Insecurity often comes hand in hand with poverty. The former Yue Zhaolin had never performed in settings like this, and rarely made direct eye contact with others.
Even though training had helped him overcome stage fright, when locking eyes with Director Liu, he still instinctively looked away.
“Nervous?” Director Liu gave a soft chuckle. “Even if you were nervous, you did very well in this performance. On that stage, I could only see you.”
Hearing this, the expressions of the other five trainees could no longer be concealed.
Director Zou nodded. “Other than some weakness in your fundamentals, everything else was solid. That’s all for today. You can go now. Tell the next group to come in.”
The attitude of the two executives was clear. Even if the others were upset, no one dared show it in front of the higher-ups. Swallowing their frustration, they left the room.
—
Elevator.
Chu Ran let out a sneer. “It was decided from the start, yet they still made us come all the way here for nothing. Impressive.”
The company’s plan to send someone to compete on Starlight wasn’t a secret — the trainees all assumed the pick would come from among them. Who would’ve thought they’d get a parachuted-in outsider instead?
And during this assessment, they’d been completely outshined by that outsider. Their chances were slim to none.
This shortcut — “four months on a talent show to instant stardom” — was now being snatched away right before their eyes by Yue Zhaolin. How could they not be bitter?
Hou Qiyi also laughed, vague and sarcastic: “Well, can you blame them?
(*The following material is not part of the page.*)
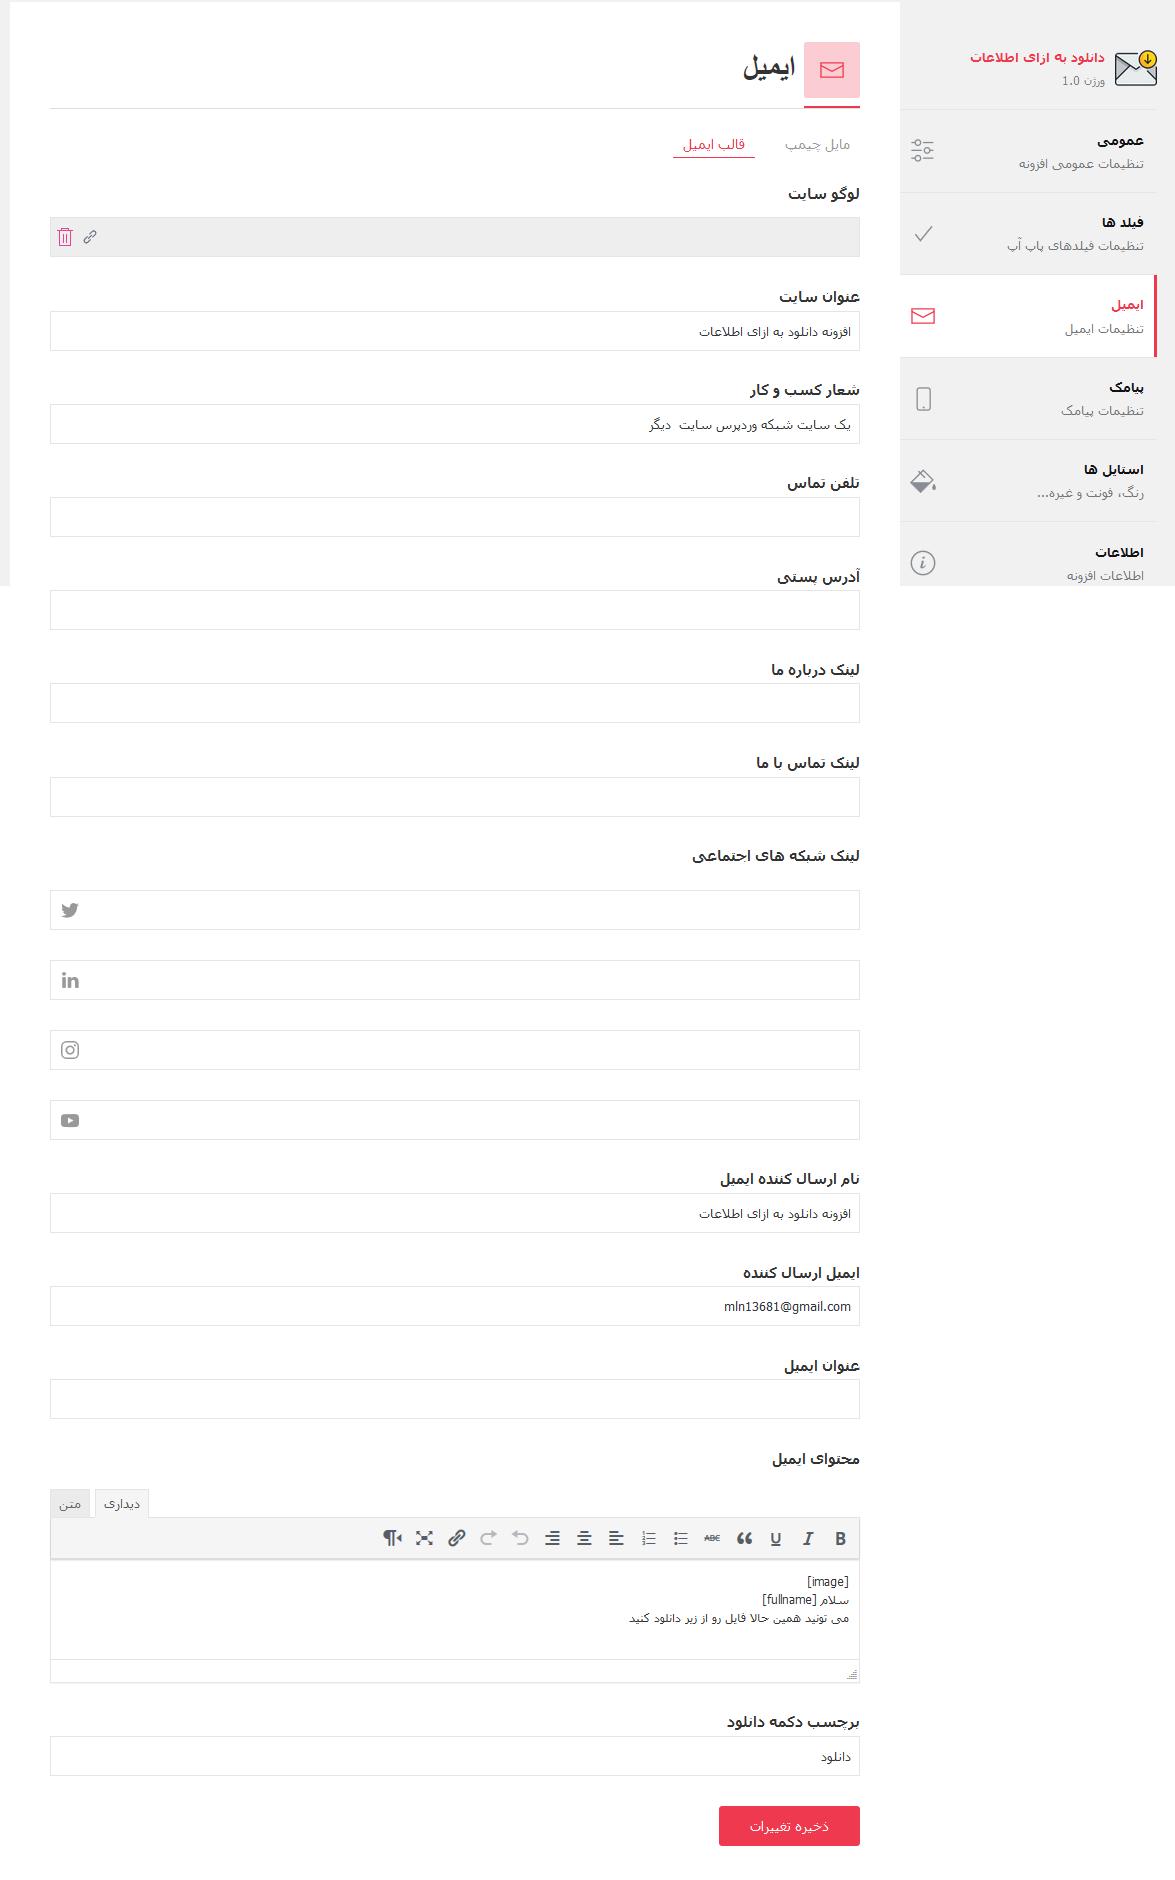 تنظیمات ایمیل در افزونه ایمیل مارکتینگ برای وردپرس ، ادامه تنظیمات ایمیل

With looks like that, of course both Director Zou and Director Liu are taken with him.”
Yue Zhaolin was thoroughly annoyed. Who said relationships between guys were simple?
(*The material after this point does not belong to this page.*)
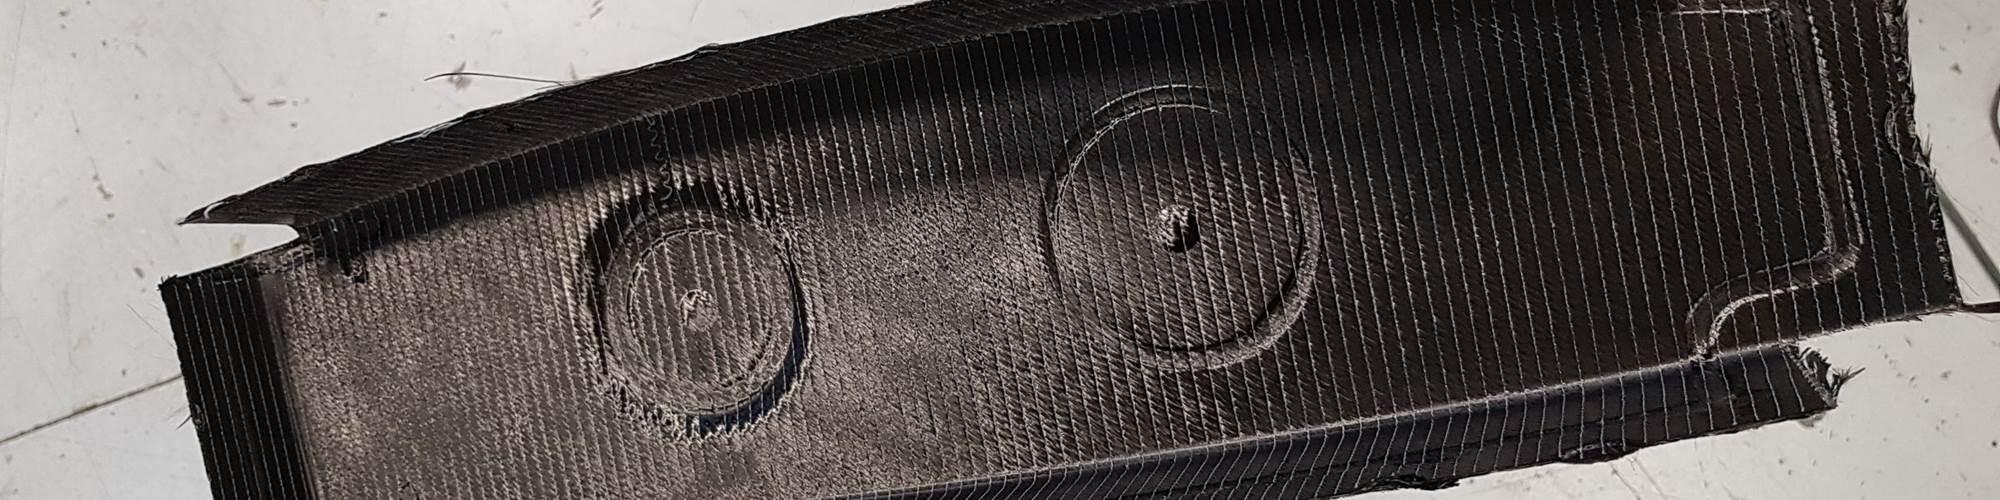 compression molded composite stringer

Setting aside whether the whole assessment was just a setup for future PR stunts, let’s talk about the trainees themselves — if we don’t look at appearances and judge only by skill, some of them ran out of breath while singing, some changed choreography on the fly, some just phoned it in, and some had even eaten themselves out of shape. Picking the best from a weak bunch, the top spot still belonged to Yue Zhaolin.
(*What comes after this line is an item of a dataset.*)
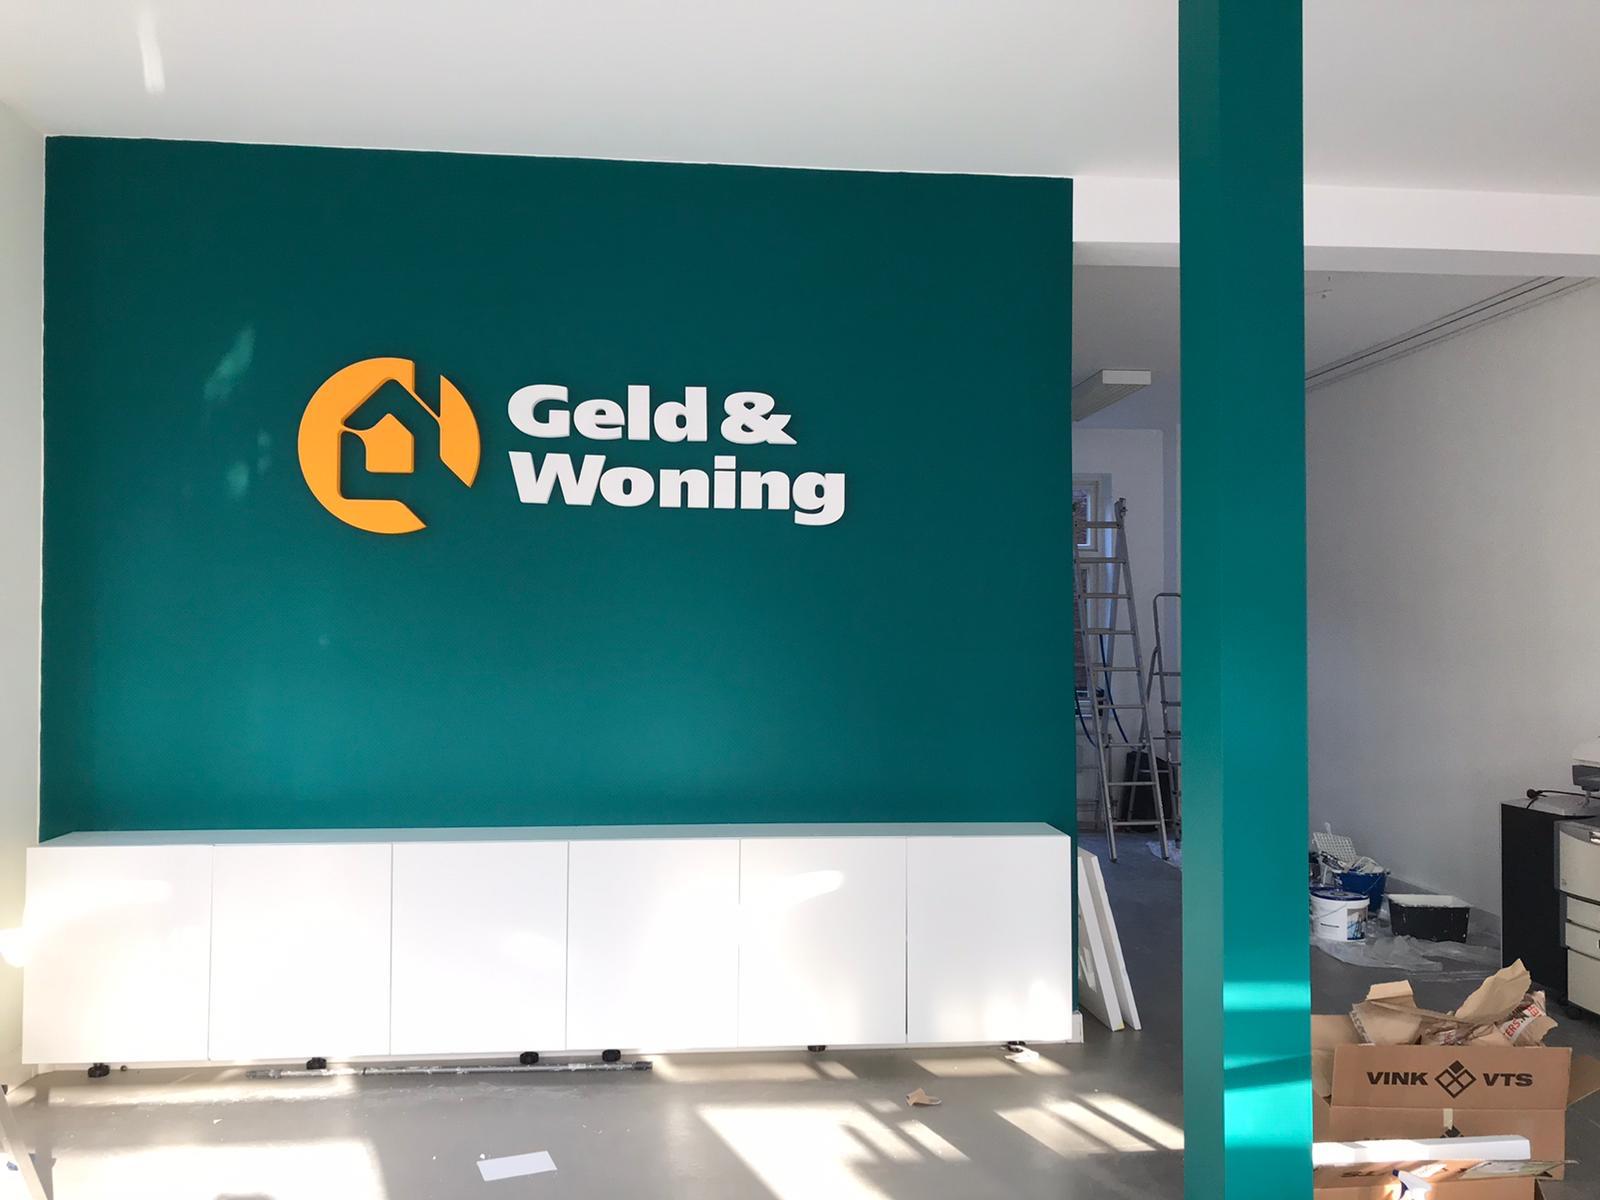 Geld & Woning – Roermond

And when it came to looks? Forget it.
Unable to beat Yue Zhaolin, they didn’t reflect on their own shortcomings — just griped and complained.
Yue Zhaolin’s annoyance showed clearly on his face. Maybe the emotion in his eyes was too obvious, because it riled a few of them up. Blood rushed to their heads.
“You—!”
Ding—
Yue Zhaolin had been leaning casually against the railing in the elevator. As soon as the doors opened, he straightened up — and suddenly, the height difference became apparent. Standing at 1.85 meters plus shoes, with broad shoulders towering above them, the pressure he exuded shut the others right up.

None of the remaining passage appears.